━━━ The data
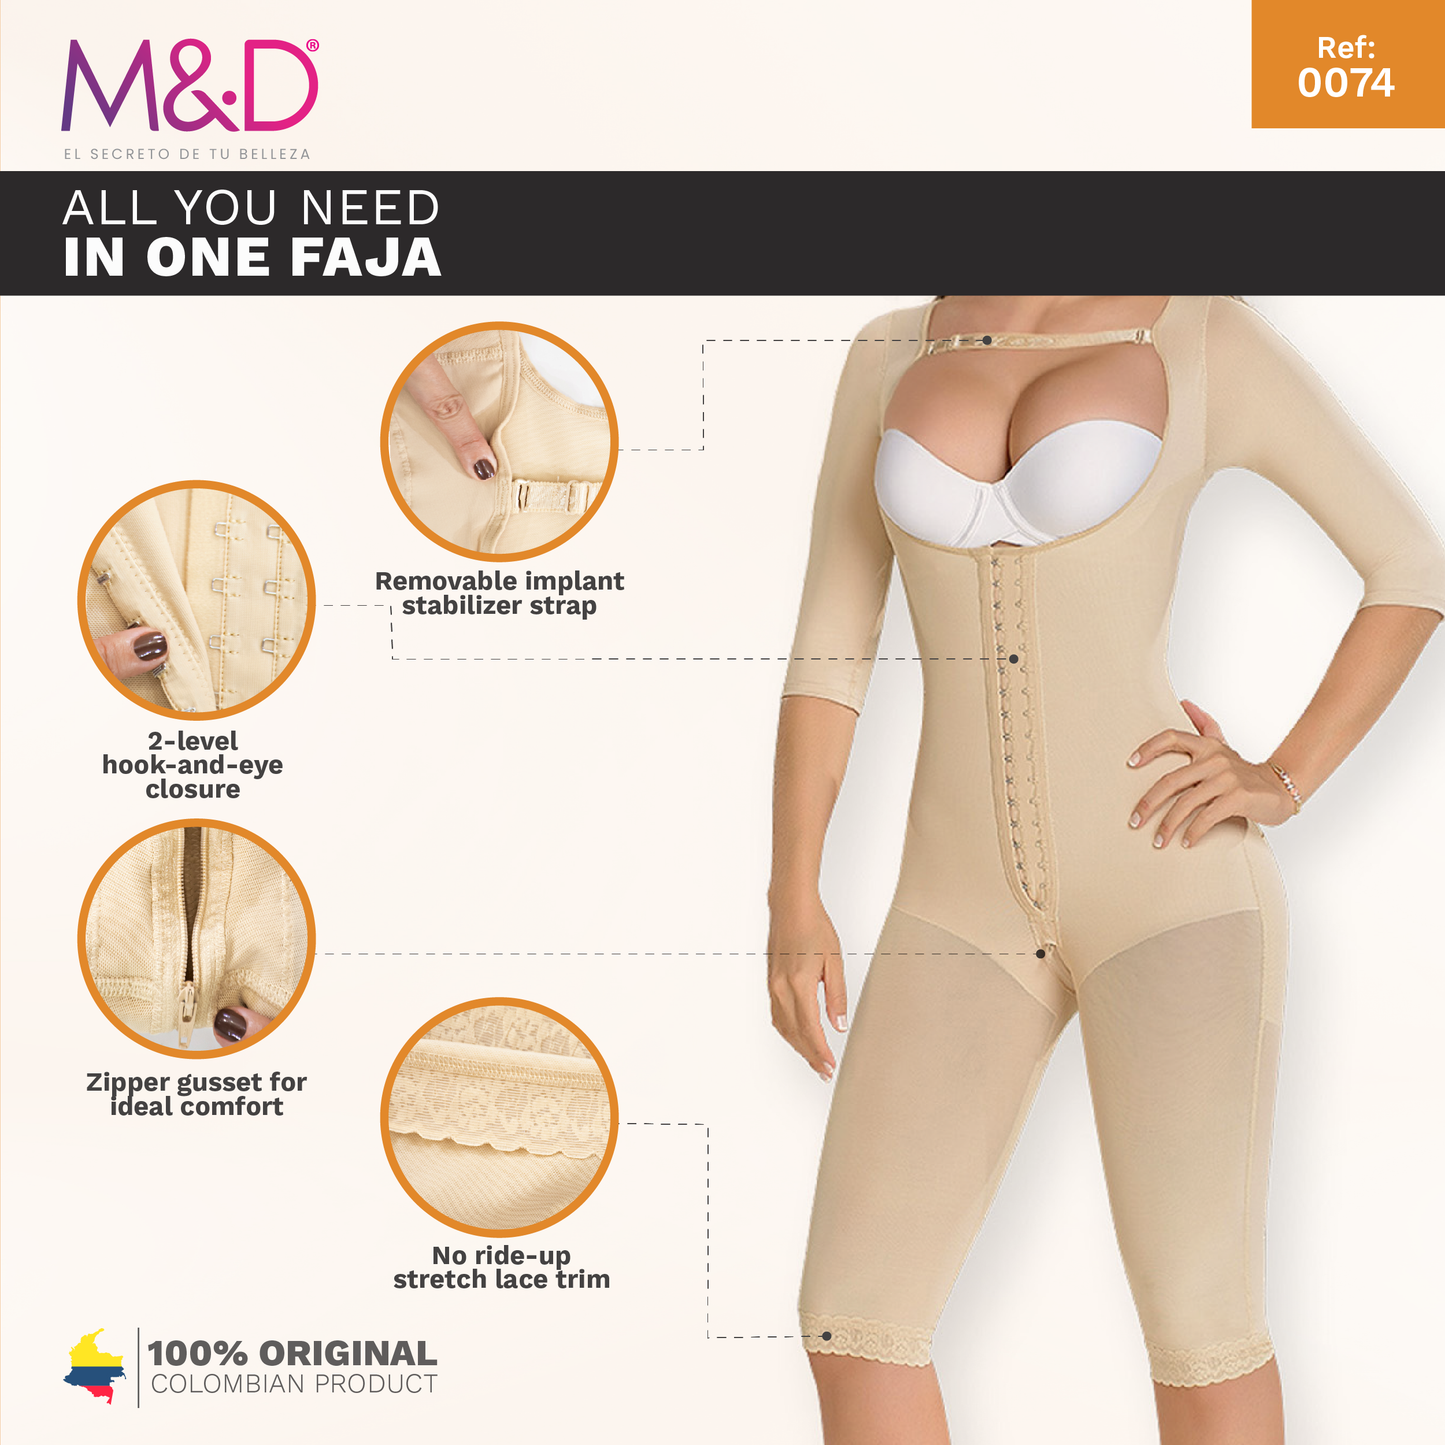 M&D 0074 | Fajas Colombianas | Full-Body Shaper For Women
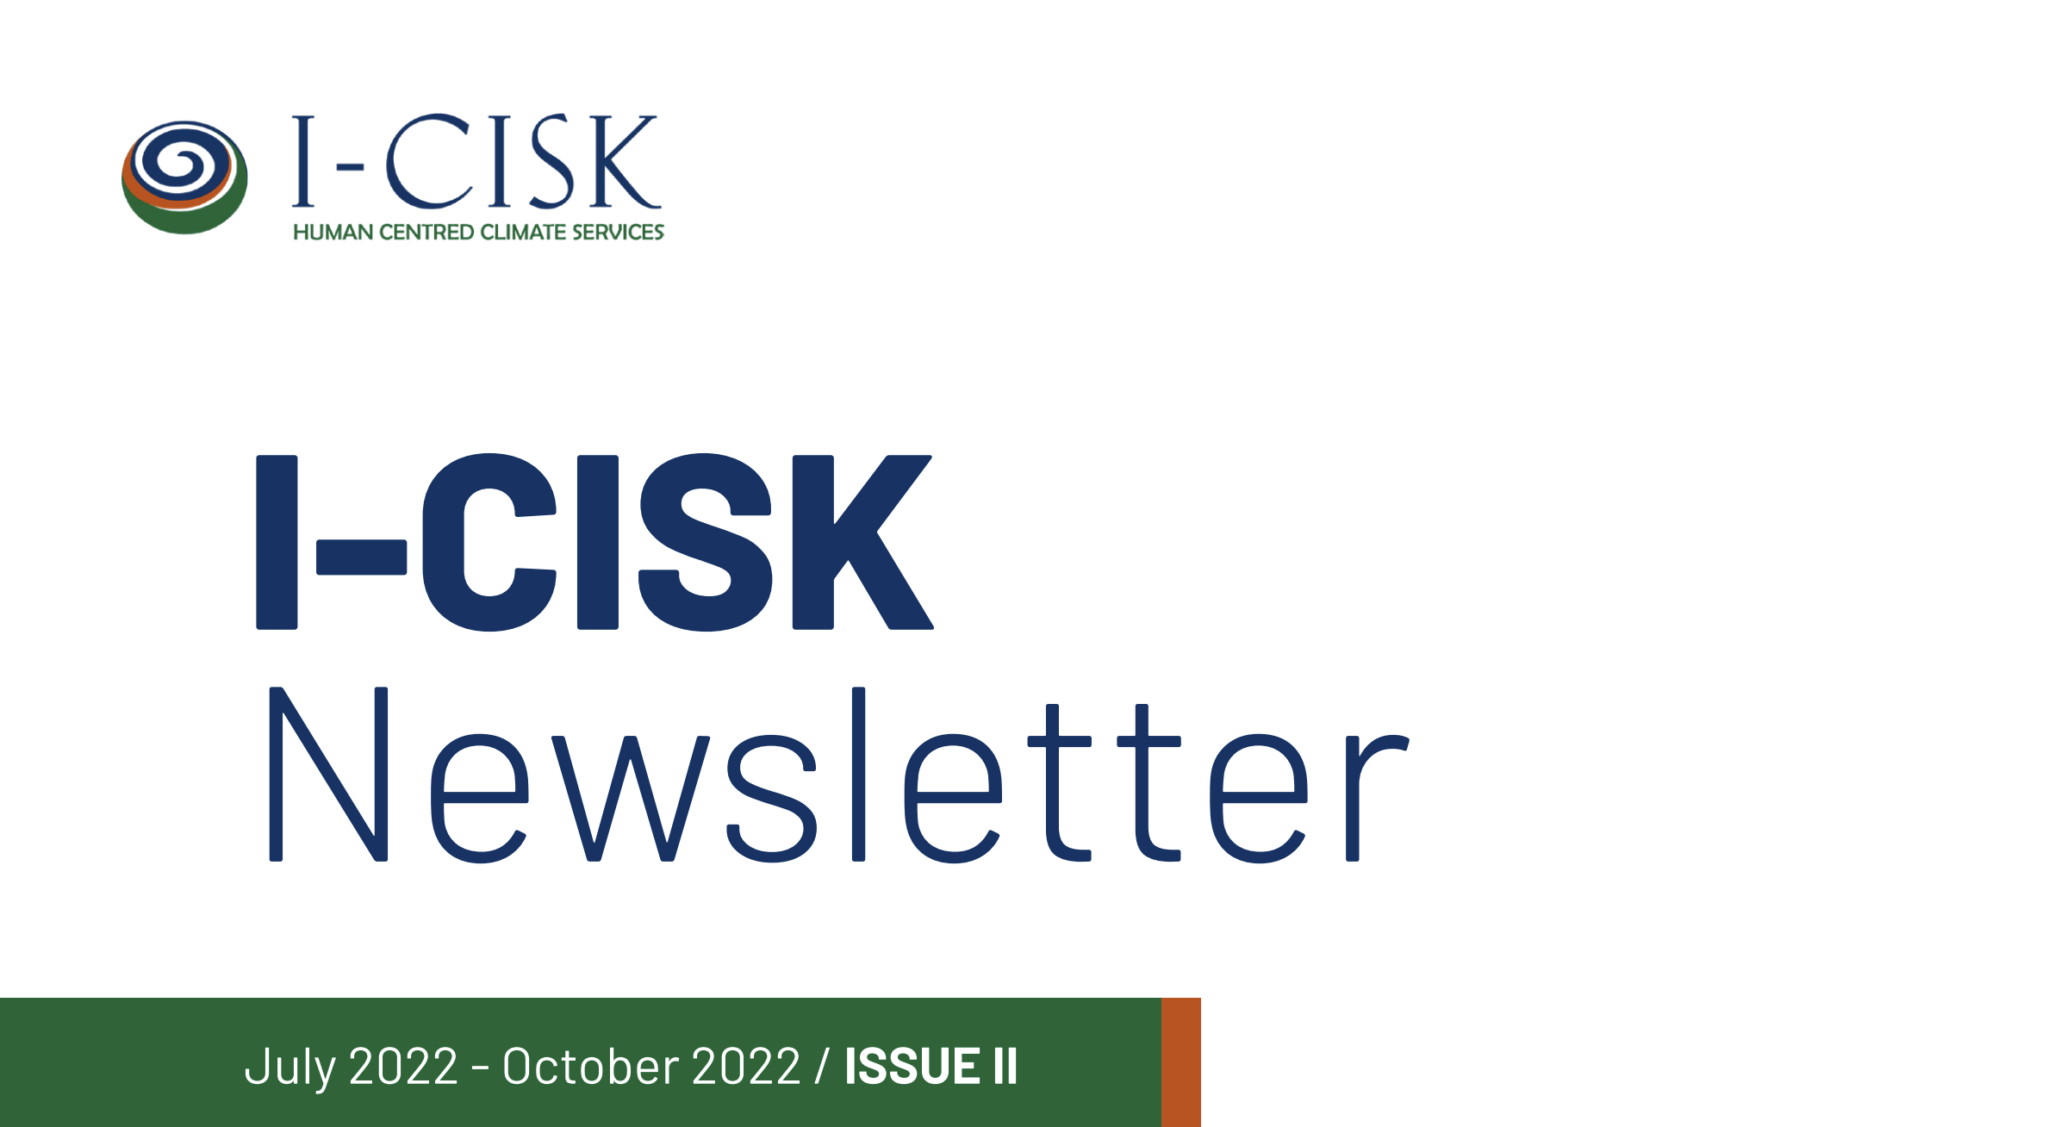 I-CISK Newsletter Issue 2
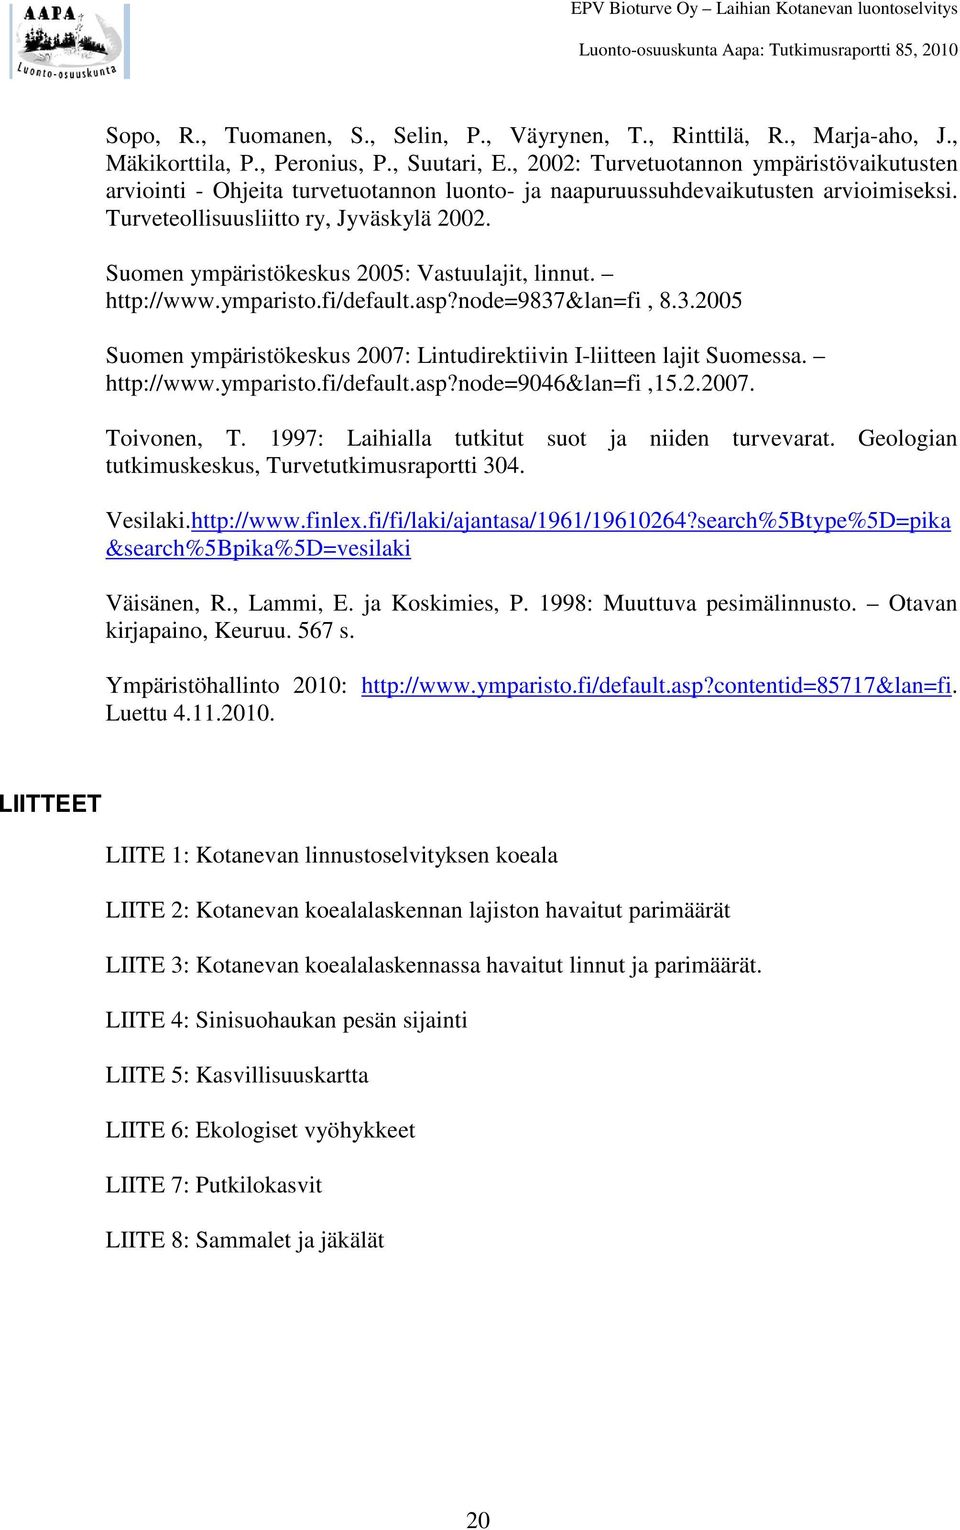 Suomen ympäristökeskus 2005: Vastuulajit, linnut. http://www.ymparisto.fi/default.asp?node=9837&lan=fi, 8.3.2005 Suomen ympäristökeskus 2007: Lintudirektiivin I-liitteen lajit Suomessa. http://www.ymparisto.fi/default.asp?node=9046&lan=fi,15.
━━━━━━
### [Your objective]
Print out the whole of the material word for word, without pictures.

### [Problem solution]
 M&D 0074 | Fajas Colombianas | Full-Body Shaper For Women
 I-CISK Newsletter Issue 2
 Suomen ympäristökeskus 2005: Vastuulajit, linnut. http://www.ymparisto.fi/default.asp?node=9837&lan=fi, 8.3.2005 Suomen ympäristökeskus 2007: Lintudirektiivin I-liitteen lajit Suomessa. http://www.ymparisto.fi/default.asp?node=9046&lan=fi,15.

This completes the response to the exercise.